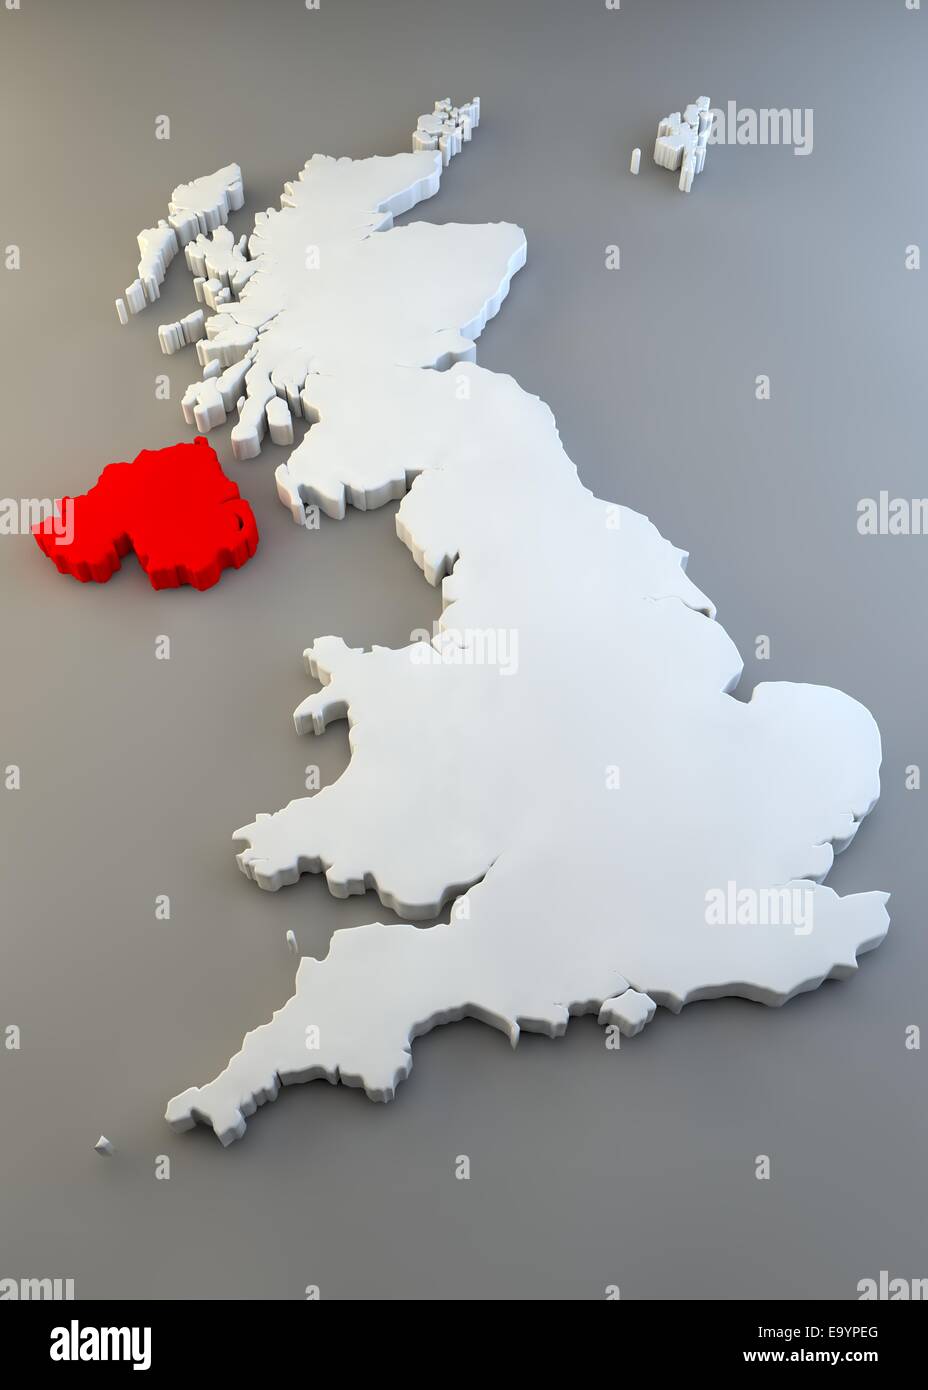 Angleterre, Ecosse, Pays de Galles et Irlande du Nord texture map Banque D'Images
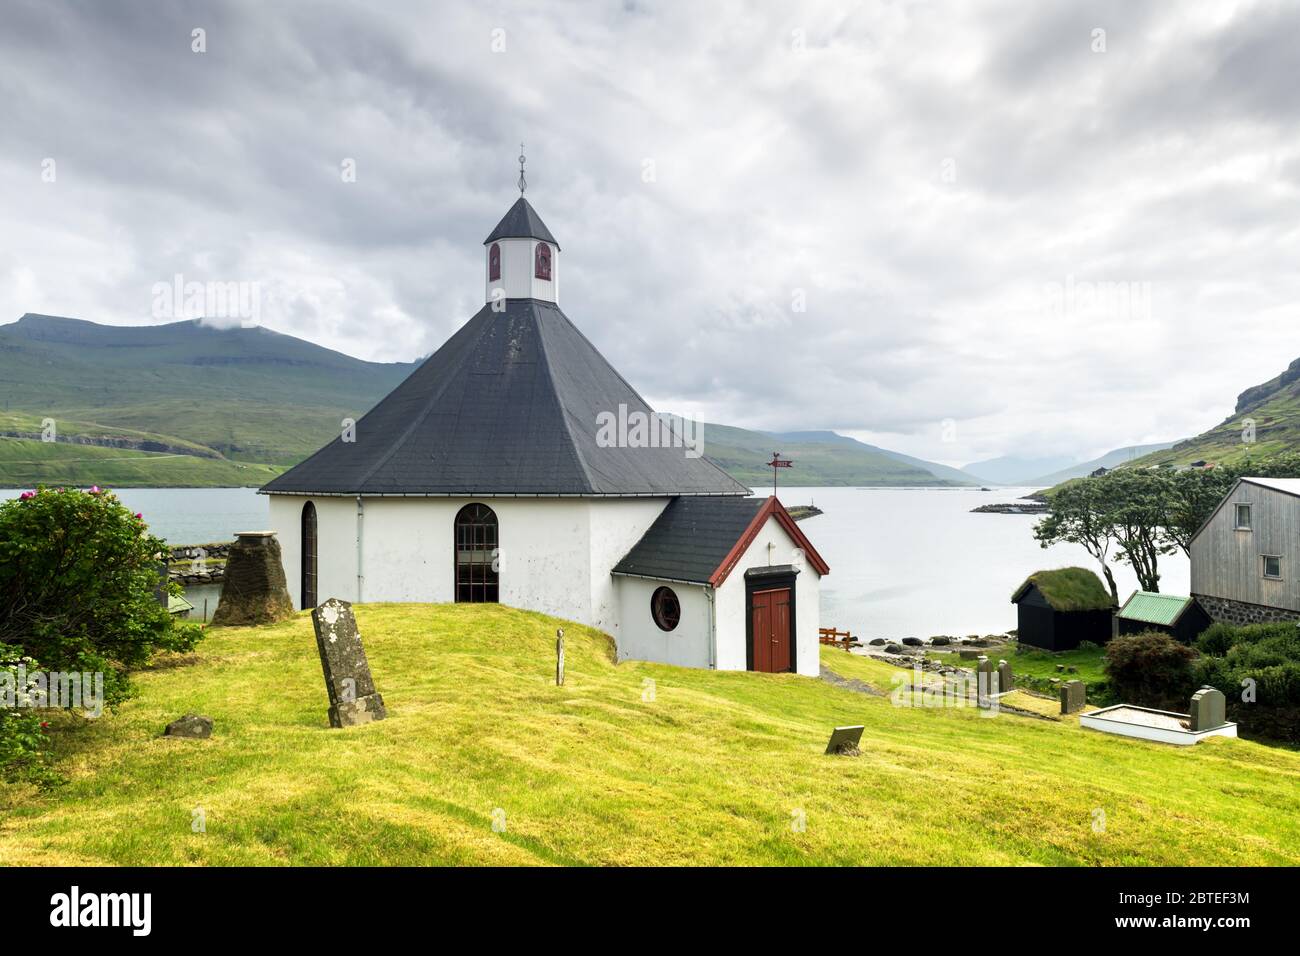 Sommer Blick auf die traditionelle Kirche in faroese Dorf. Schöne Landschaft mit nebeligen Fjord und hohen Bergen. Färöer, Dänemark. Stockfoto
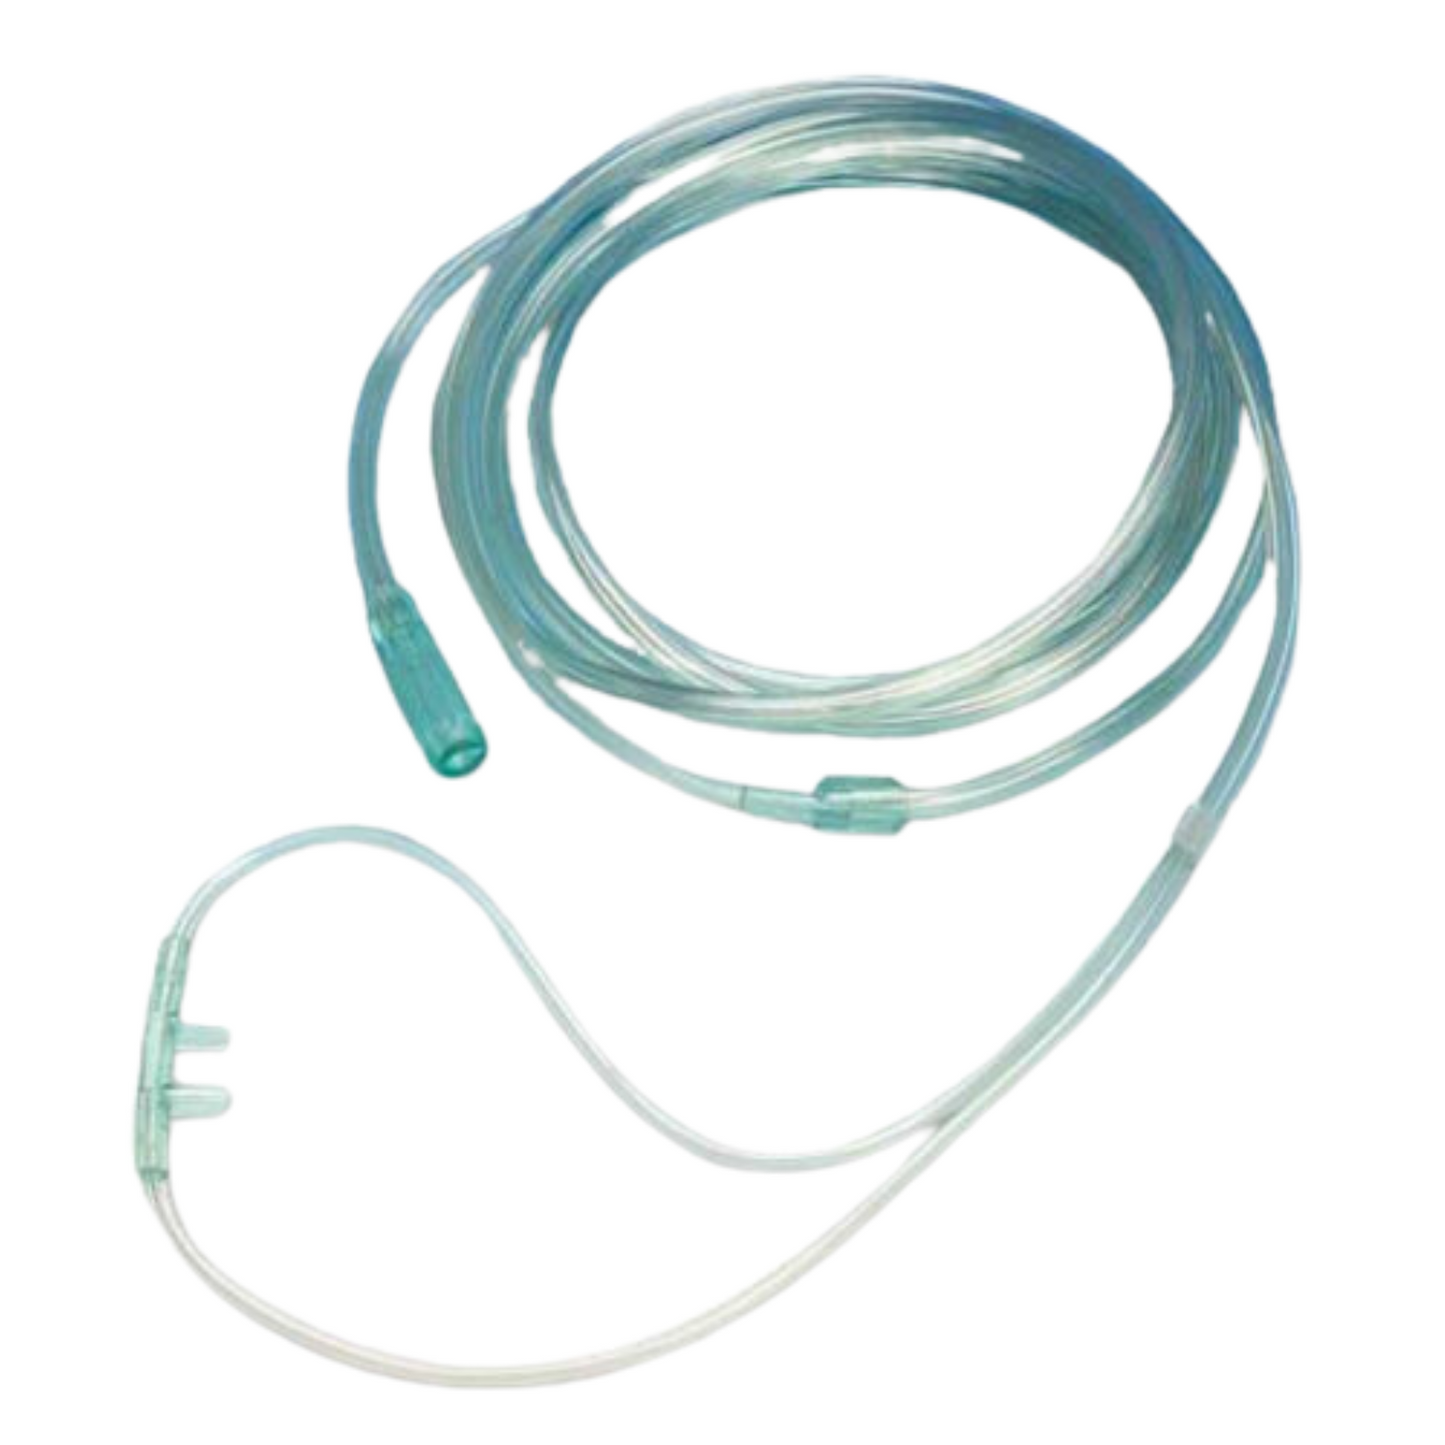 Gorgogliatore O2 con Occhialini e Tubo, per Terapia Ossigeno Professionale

WHAT YOU ARE ASKED TO DO:
A faithful copy of all the data above, without its pictures, is the expected result.

EXERCISE OUTPUT:
 Angleterre, Ecosse, Pays de Galles et Irlande du Nord texture map Banque D'Images
 Sommer Blick auf die traditionelle Kirche in faroese Dorf. Schöne Landschaft mit nebeligen Fjord und hohen Bergen. Färöer, Dänemark. Stockfoto
 Gorgogliatore O2 con Occhialini e Tubo, per Terapia Ossigeno Professionale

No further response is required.